Chemical Evolution of R-process Elements in Stars (CERES). I. Stellar parameters and chemical abundances from Na to Zr

TL;DR

This study provides a homogeneous analysis of stellar parameters and chemical abundances up to Zr in 52 metal-poor giant stars, revealing new insights into nucleosynthesis and neutron-capture element patterns.

Contribution

It presents the first comprehensive homogeneous dataset of stellar parameters and abundances for elements up to Zr in metal-poor stars, highlighting new nucleosynthesis signatures.

Findings

Identification of two Zn-rich stars with different r-process enrichment.

Discovery of peculiar neutron-capture element abundance patterns in two stars.
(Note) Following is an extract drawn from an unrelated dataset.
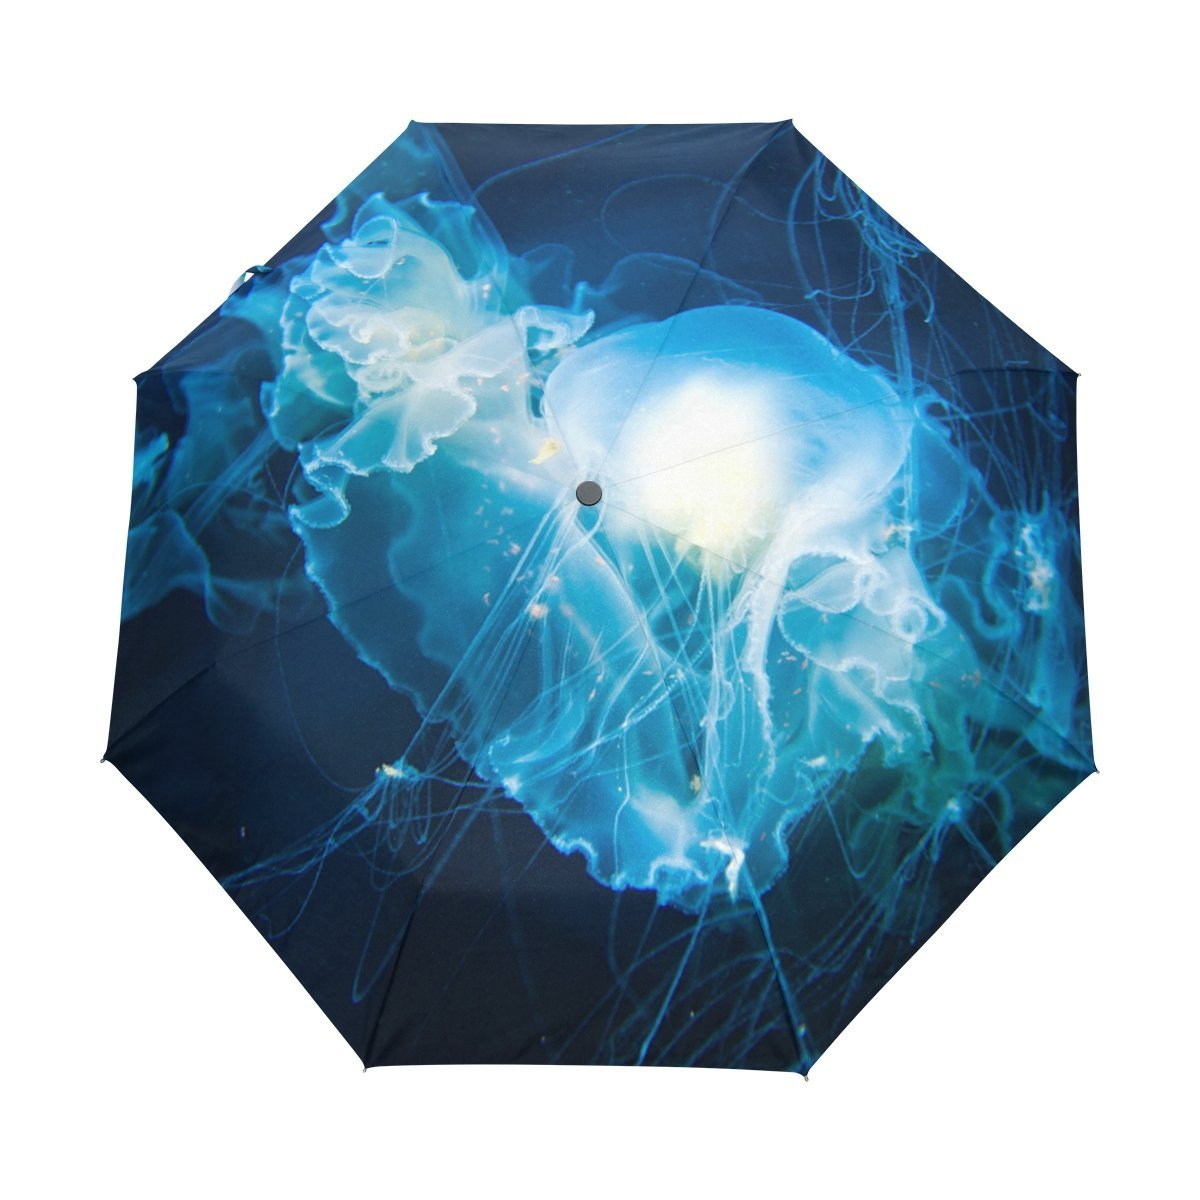 cd878ceeff81 Cheap Blue Foldable Transparent Umbrella, find Blue Foldable ...

Observation of a correlation suggesting hypernova nucleosynthesis for high [Zn/Fe] stars.

Abstract

Aims. The Chemical Evolution of R-process Elements in Stars (CERES) project aims to provide a homogeneous analysis of a sample of metal-poor stars ([Fe/H]<-1.5). We present the stellar parameters and the chemical abundances of elements up to Zr for a sample of 52 giant stars.Methods. We relied on a sample of high signal-to-noise UVES spectra. We determined stellar parameters from Gaia photometry and parallaxes. Chemical abundances were derived using spectrum synthesis and model atmospheres.Results. We determined chemical abundances of 26 species of 18 elements: Na, Mg, Al, Si, Ca, Sc, Ti, V, Cr, Mn, Fe, Co, Ni, Cu, Zn, Sr, Y, and Zr. For several stars, we were able to measure both neutral and ionised species, including Si, Sc, Mn, and Zr. We have roughly doubled the number of measurements of Cu for stars at [Fe/H] <= -2.5. The homogeneity of the sample made it possible to highlight the presence of two Zn-rich stars ([Zn/Fe]~+0.7), one r-rich and the other r-poor. We report the existence of two branches in the [Zn/Fe] versus [Ni/Fe] plane and suggest that the high [Zn/Fe] branch is the result of hypernova nucleosynthesis. We discovered two stars with peculiar light neutron-capture abundance patterns: CES1237+1922 (also known as BS 16085-0050), which is ~1 dex underabundant in Sr, Y, and Zr with respect to the other stars in the sample, and CES2250-4057 (also known as HE 2247-4113), which shows a ~1 dex overabundance of Sr with respect to Y and Zr.Conclusions. The high quality of our dataset allowed us to measure hardly detectable ions. This can provide guidance in the development of line formation computations that take deviations from local thermodynamic equilibrium and hydrodynamical effects into account.